# Quick Cucumber Kim Chee



## Kaneohegirlinaz (Nov 11, 2014)

1 Hot House or Long English Cucumber, diced skin on
1 Tbsp. Coarse Salt (I use Sea Salt)
1 Tbsp. Noh brand Kim Chee Spice

Place the diced Cucumber into colander, I use my salad spinner for this recipe.
Sprinkle with the Salt, stir and leave for 15 minutes, no longer than that though.
Rinse the Cucumber well; drain, this is where the spinner comes in handy.  Give it a whirl and continue.
Place the Cucumber a bowl (or the bowl of the spinner); 
sprinkle with Kim Chee spice to your taste, it’s hot, so watch out. 
Give it a good stir; cover and refrigerate for at least 2 hours, 
all day is better.
This makes a great side dish.



*Tip: I keep the remainder of the packet in a spice jar with a shaker top


----------



## Kaneohegirlinaz (Nov 11, 2014)

We have this ALOT!!









Teriyaki b/s Chicken Thighs, grilled
Cucumber Kim Chee
Bean (Mung) Sprouts
and of course steamed white rice with Aloha Shoyu and Furikake


----------



## Kayelle (Nov 11, 2014)

I'll have to see if I can find that mix here Kgirl. Thanks..


----------



## Kaneohegirlinaz (Nov 11, 2014)

Kayelle said:


> I'll have to see if I can find that mix here Kgirl. Thanks..

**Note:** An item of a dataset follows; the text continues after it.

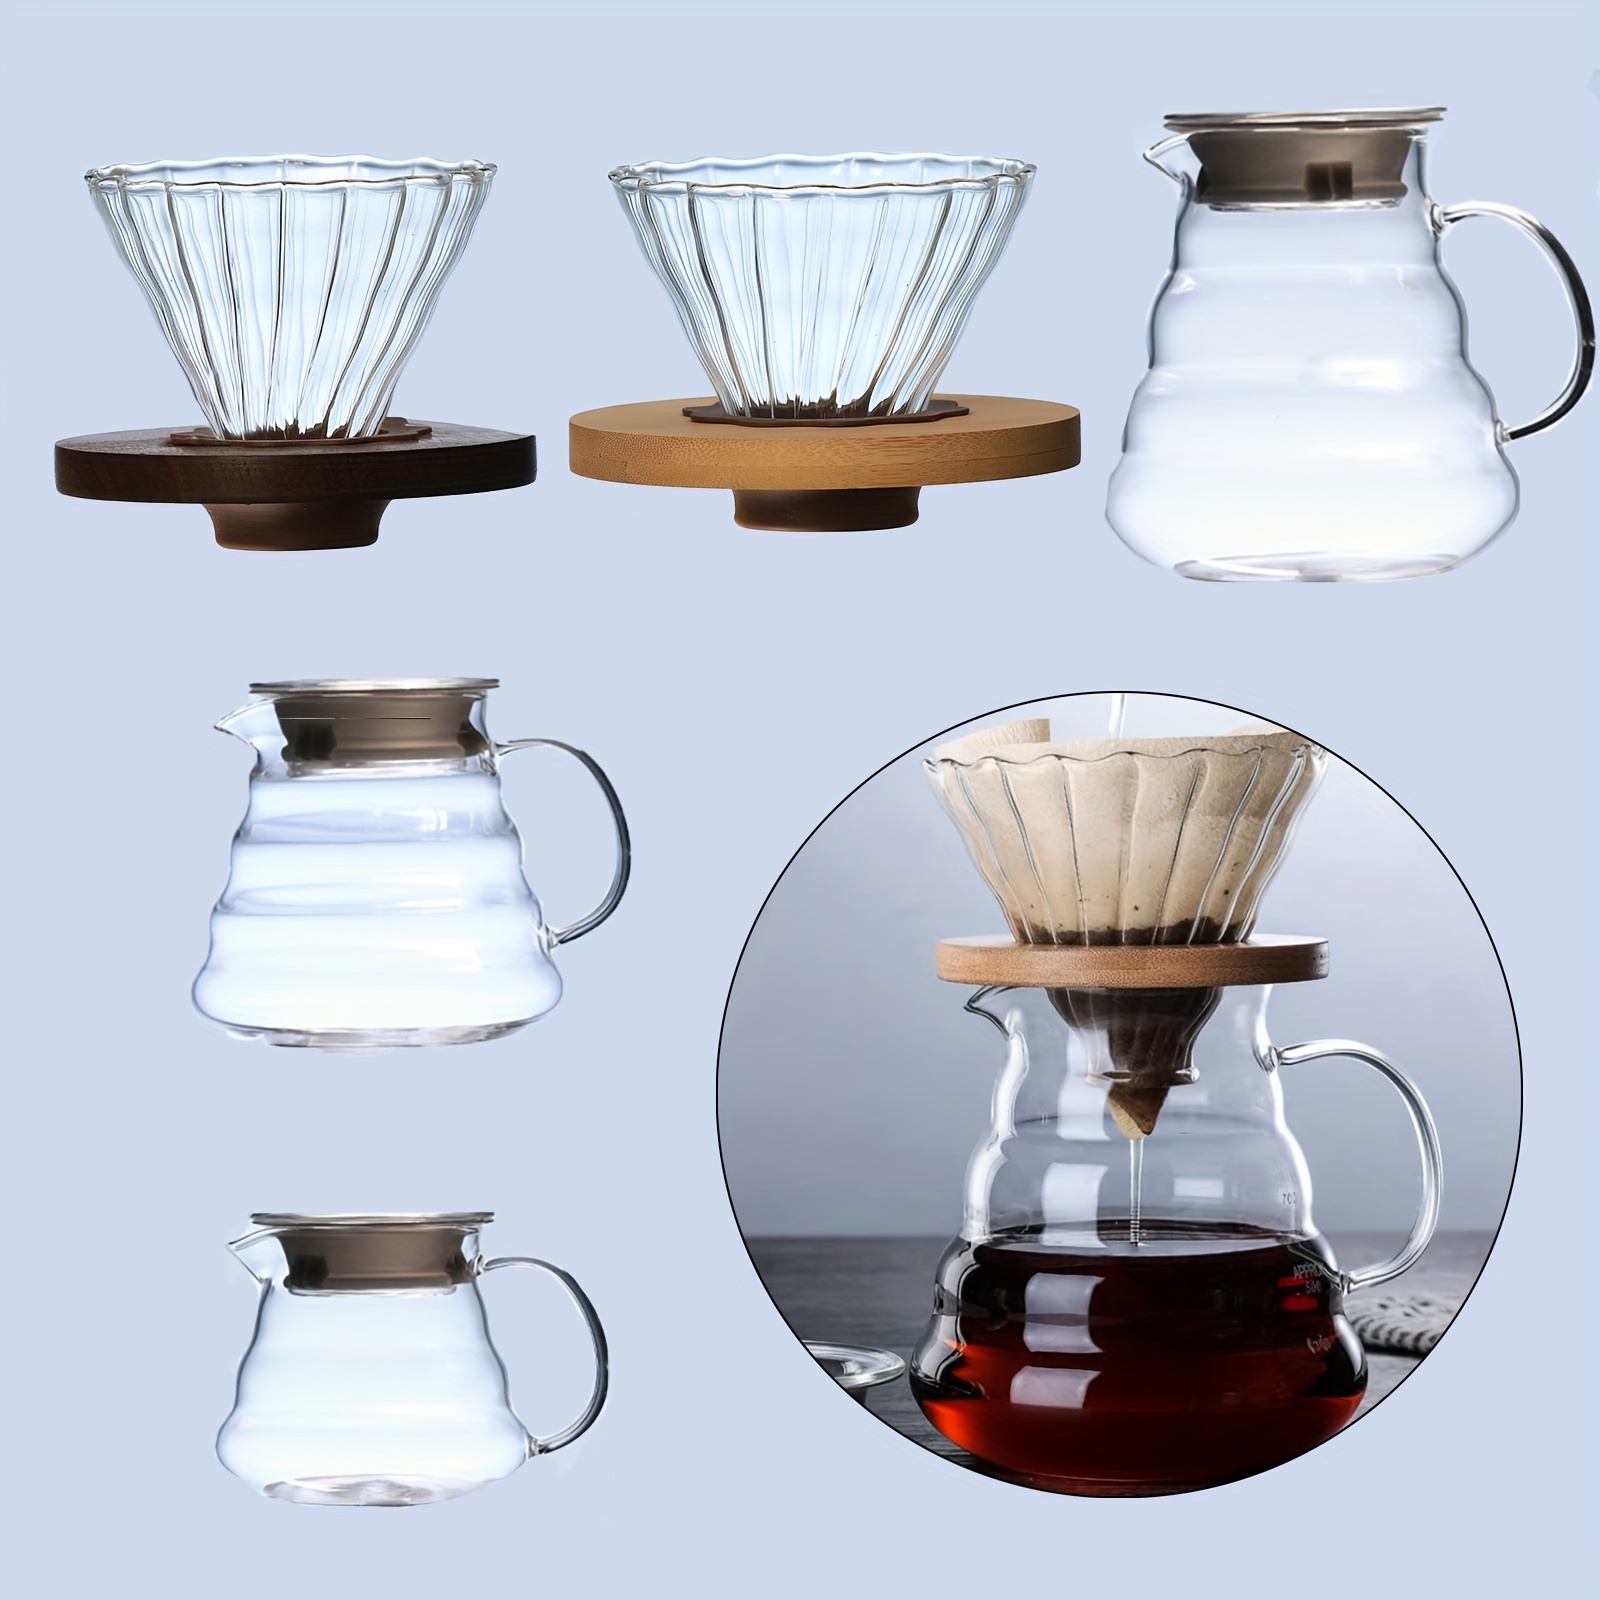 Glass Carafe Brewers: Quality Glass Carafe Coffee Maker

I find it here in the middle of the desert at the Asian market that I frequent, but I've seen it in Cali at places like Marukai, Ranch 99... anywhere that sells products from Hawaii, which are plentiful in California, Oregon, Washington and the Las Vegas area.
I've seen it sold on Amazon and found this there too:
Hawaiian Electric: Kim Chee Chicken
If you like spicy, this would be wonderful!


----------



## Zhizara (Nov 11, 2014)

I fell in love with kim chee when I lived in Hawaii.  Only very rarely can I find any in the grocery store.

I'm fairly sure the seasonings aren't available here.

Do you buy it online?  I couldn't find any information about the prices and shipping costs.


----------



## Kaneohegirlinaz (Nov 11, 2014)

Zhizara said:


> I fell in love with kim chee when I lived in Hawaii.  Only very rarely can I find any in the grocery store.
> 
> I'm fairly sure the seasonings aren't available here.
> 
> Do you buy it online?  I couldn't find any information about the prices and shipping costs.



Try Amazon
http://www.amazon.com/NOH-Korean-Chee-1-125-Ounce-Packet/dp/B0001IOSCW
If you order from Noh directly, the S&H cost from Hawaii will be more than the product... 
try a Google search too
after seeing that recipe from HawaiianElectric, I want to make that Kim Chee Chicken as "Hot Wings" using drumettes, very popular in Hawaii.


----------



## Kaneohegirlinaz (Nov 11, 2014)

Wait, WHAT? 
Z, you lived in Hawaii? Where? When? For how long?


----------



## powerplantop (Nov 11, 2014)

Zhizara said:


> I fell in love with kim chee when I lived in Hawaii.  Only very rarely can I find any in the grocery store.
> 
> I'm fairly sure the seasonings aren't available here.
> 
> Do you buy it online?  I couldn't find any information about the prices and shipping costs.



You can find kimchi here:

Oriental Market
3324 Transcontinental Dr
Metairie, LA 70006


----------



## Zhizara (Nov 12, 2014)

Kaneohegirlinaz said:


> Wait, WHAT?
> Z, you lived in Hawaii? Where? When? For how long?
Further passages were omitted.